Louis Autar n'est plus. Vous racontant ses quelques aventures dans un article précédent, je me demandais alors si j'étais capable de rentrer en contact avec lui via la toile...et c'est pourtant dans un vieux numéro de National Geographic de juin 2000 que j' en découvrais un peu plus sur ce feu spécialiste surinamien des tortues marines ! " Ainsi, la mère de Louis Autar a été amené "par contrat" depuis Java quand elle avait 15 ans. Récemment décédé, Louis était un spécialiste reconnu des tortues de mer géantes du Surinam. Il était né dans une plantation au bord de la rivière Commewijne appelée Het Vertrouywen (La confiance). Malgré ce nom prometteur, la vie des paysans n'avait rien de plaisant. Lors d'une visite chez lui, dans les faubourgs de Paramaribo, Louis m'a raconté sa jeunesse. Nous étions installé dehors, sur des chaises en plastique, et sirotions un soda à l'orange. Il parlait tantôt en hollandais, en anglais, tantôt en sranan tongo, une langue créole autant utilisée que le hollandais. " En 1917, après huit ans, ma mère a décidé de rester au Surinam et d'acheter trois lopins de terre. Elle avait réussi à économiser assez sur son salaire journalier d'un peu moins de 3 francs. Bien évidemment, ce n'était pas drôle tous les jours. On n'avait pas d'éléctricité et on ne buvait que l'eau de pluie. Je suis né à la saison sèche ; ma mère était obligé de me laver les dents à l'eau de mer." Louis était bon élève, mais ses parents n'avaient pas les moyens de l'envoyer au lycée. A 14 ans, il part s'installer sur la côte et s'improvise braconnier ; il dérobe les oeufs des tortues luths pour les revendre aux Javanais de Paramaribo, qui en sont très friands.

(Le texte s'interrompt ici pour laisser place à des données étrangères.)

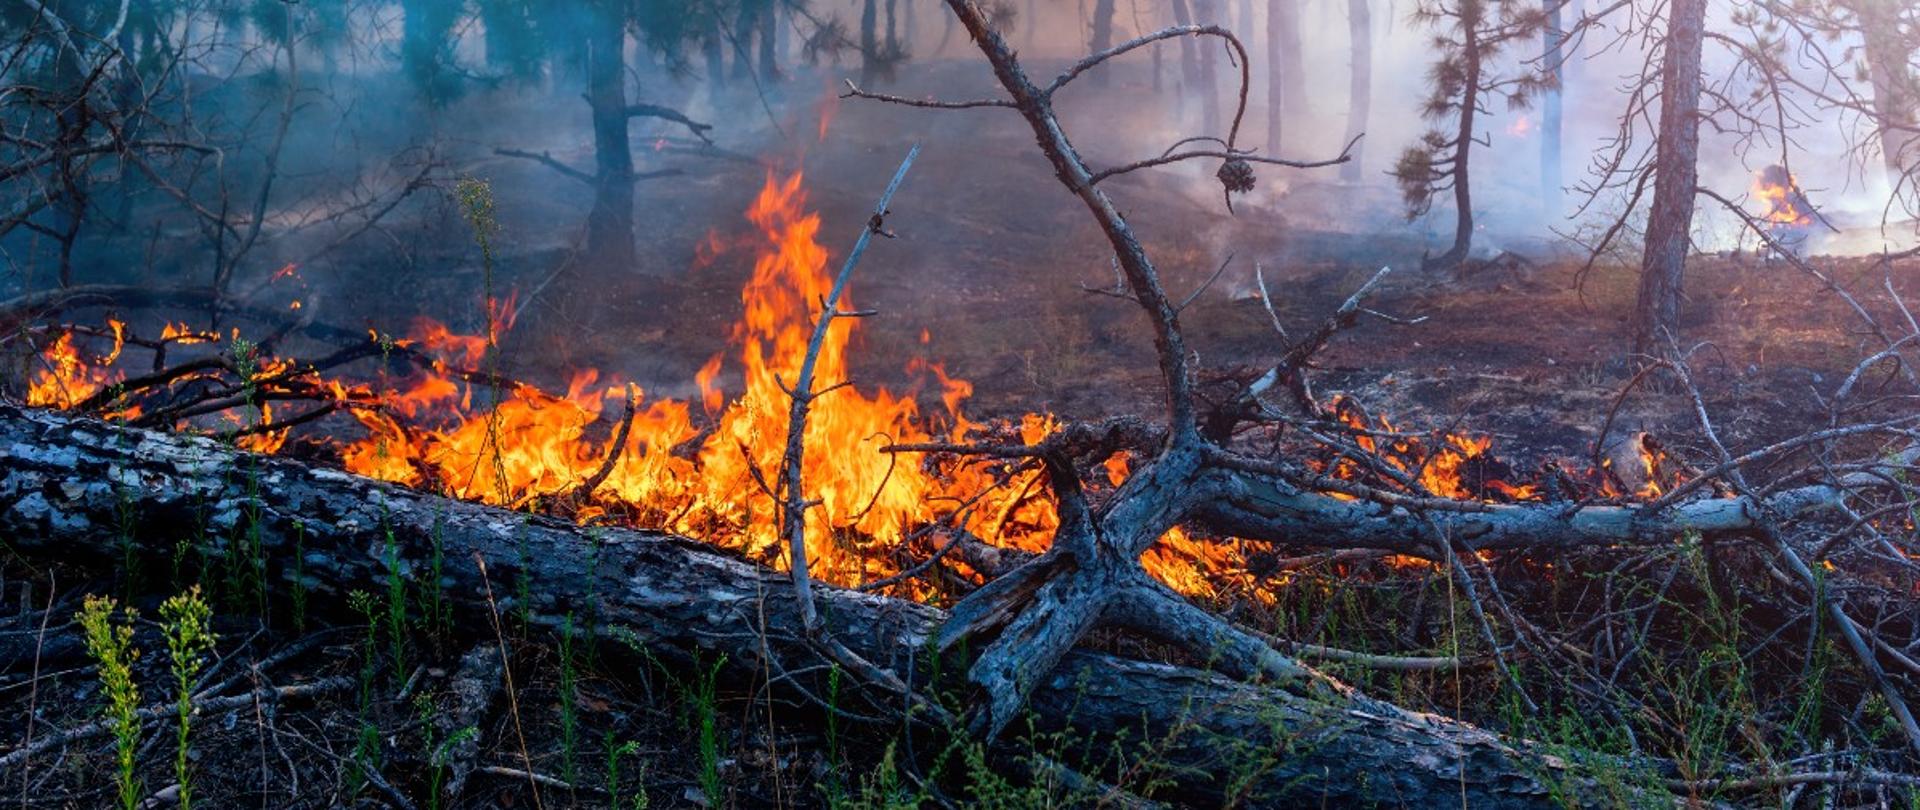 Palące się poszycie lasu, spalone drzewa i gałęzie, duże zadymienie.

Des années plus tard, il se fait prendre par les Hollandais. le jour même de son arrestation, les autorités lui proposent de travailler au Service des forêts, un des meilleurs, en ce temps-là, d'Amérique du Sud. Ils n'en revenaient pas que je connaisse si bien les tortues de mer, se rappellet-il. Protéger ces oeufs était largement plus lucratif que de les revendre illégalement. le Service m'a donné de l'argent pour construire un vivier. En tout, j'ai remis 16000 de ces tortues à la mer. Après l'indépendance, quand les militaires ont pris le pouvoir, on m'a coupé les fonds. Avec la montée de la mer, mon vivier n'est plus qu'un remblais de boue."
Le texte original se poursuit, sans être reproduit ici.